Hat es dadurch weniger Autorennen oder Raser in der Schweiz gegeben?
Es wird jetzt evaluiert, ob die strenge Rasergesetzgebung einen Effekt hat. Aber ich glaube, dass die jungen Leute, die auf der Kippe stehen, die einen gewissen Reiz verspüren sich so auszuleben, aber ansonsten einen gesunden Realitätsbezug haben, dass die durch das gesellschaftliche Zeichen davon abgehalten werden. Die Menschen, die in diesem Selbstüberschätzungswahn drin sind, die also glauben etwas kontrollieren zu können, das objektiv nicht kontrollierbar ist, die denken das auch nach einem tödlichen Unfall. So war es ja auch bei diesem Täter.
Was halten Sie von einem Führerscheinentzug?
Das bringt mindestens, dass die Person legal nicht mehr fährt. Lebenslanges Absprechen der Fahreignung kann ich als Verkehrspsychologin sehr gut nachvollziehen, solche Leute gehören einfach nicht auf die Straße. Wir wissen aber, dass sehr viele dann schwarz weiterfahren. An der Stelle muss man hart durchgreifen, Autos wegnehmen oder eben wirklich einsperren.
Welche präventive Maßnahmen gibt es?
Die Therapie ist eine Möglichkeit, die in nicht so gravierenden Fällen auch sehr erfolgreich ist. Sie lernen dann, dass sie sich den Selbstwertinput von woanders holen. Aber man muss bei der Integration, bei beruflichen Perspektiven, sozialen Beziehungen, Empathiefähigkeit ansetzen. In der Schweiz setzen wir Verkehrstherapien sehr erfolgreich ein, die Leute werden nicht rückfällig und wundern sich später selbst über ihre Taten.

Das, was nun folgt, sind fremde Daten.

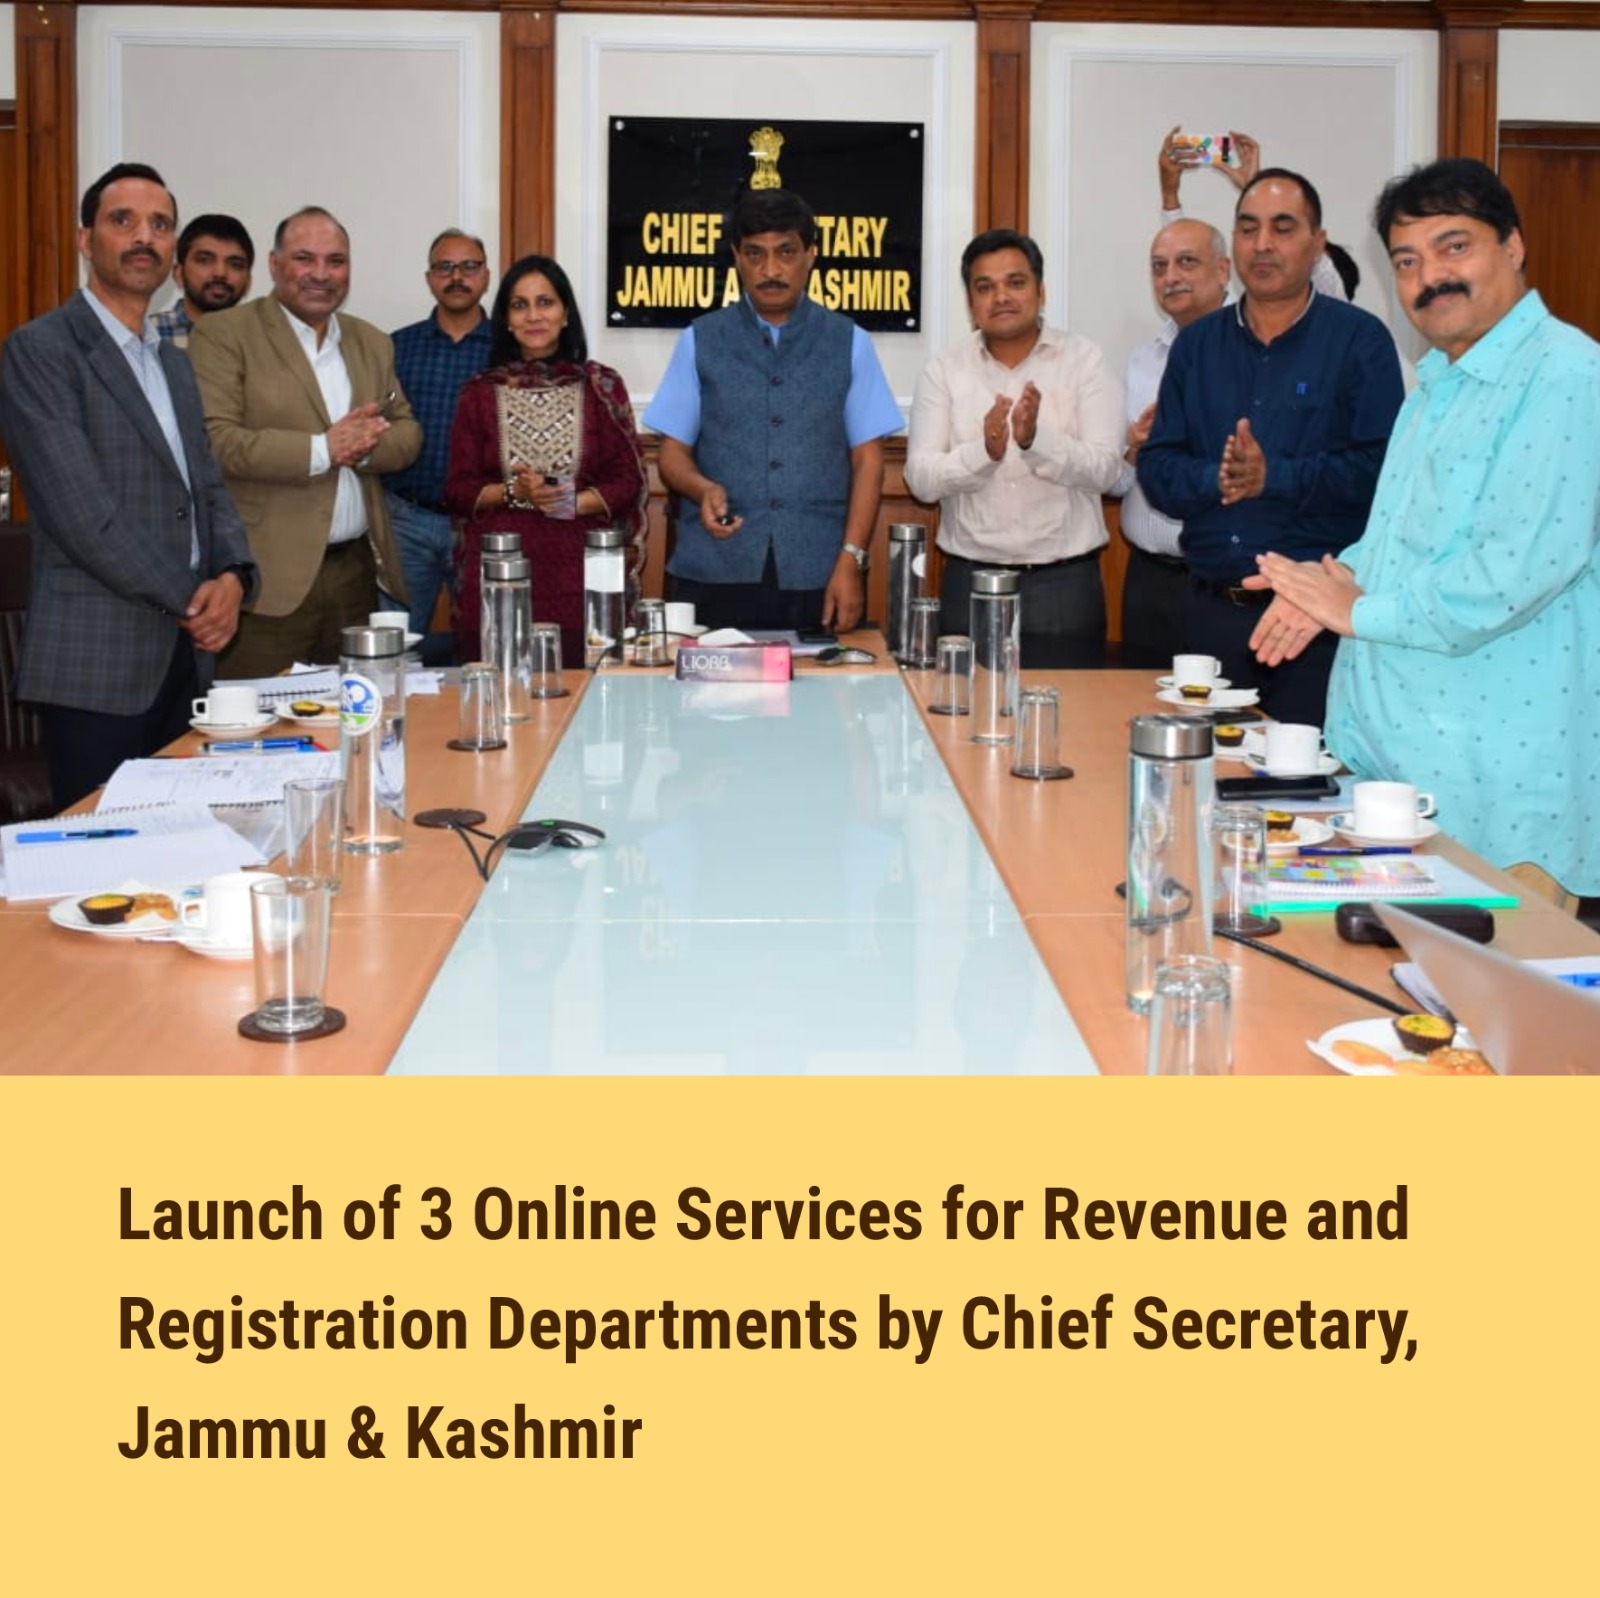 Image of राजस्व और पंजीकरण विभाग, जम्मू और कश्मीर के लिए एनआईसी द्वारा 3 ऑनलाइन सेवाओं का शुभारंभ।

Sehen Sie einen Zusammenhang zwischen Rasern und Amokläufern?
Nein. Das Ziel ist ein anderes. Der Raser will das gute Gefühl haben, schneller gewesen zu sein und eine kritische Situation überstanden zu haben, das mickrige Ego aufpolieren. Und im Gegensatz zum Amokläufer will er weder sich selbst, noch andere töten.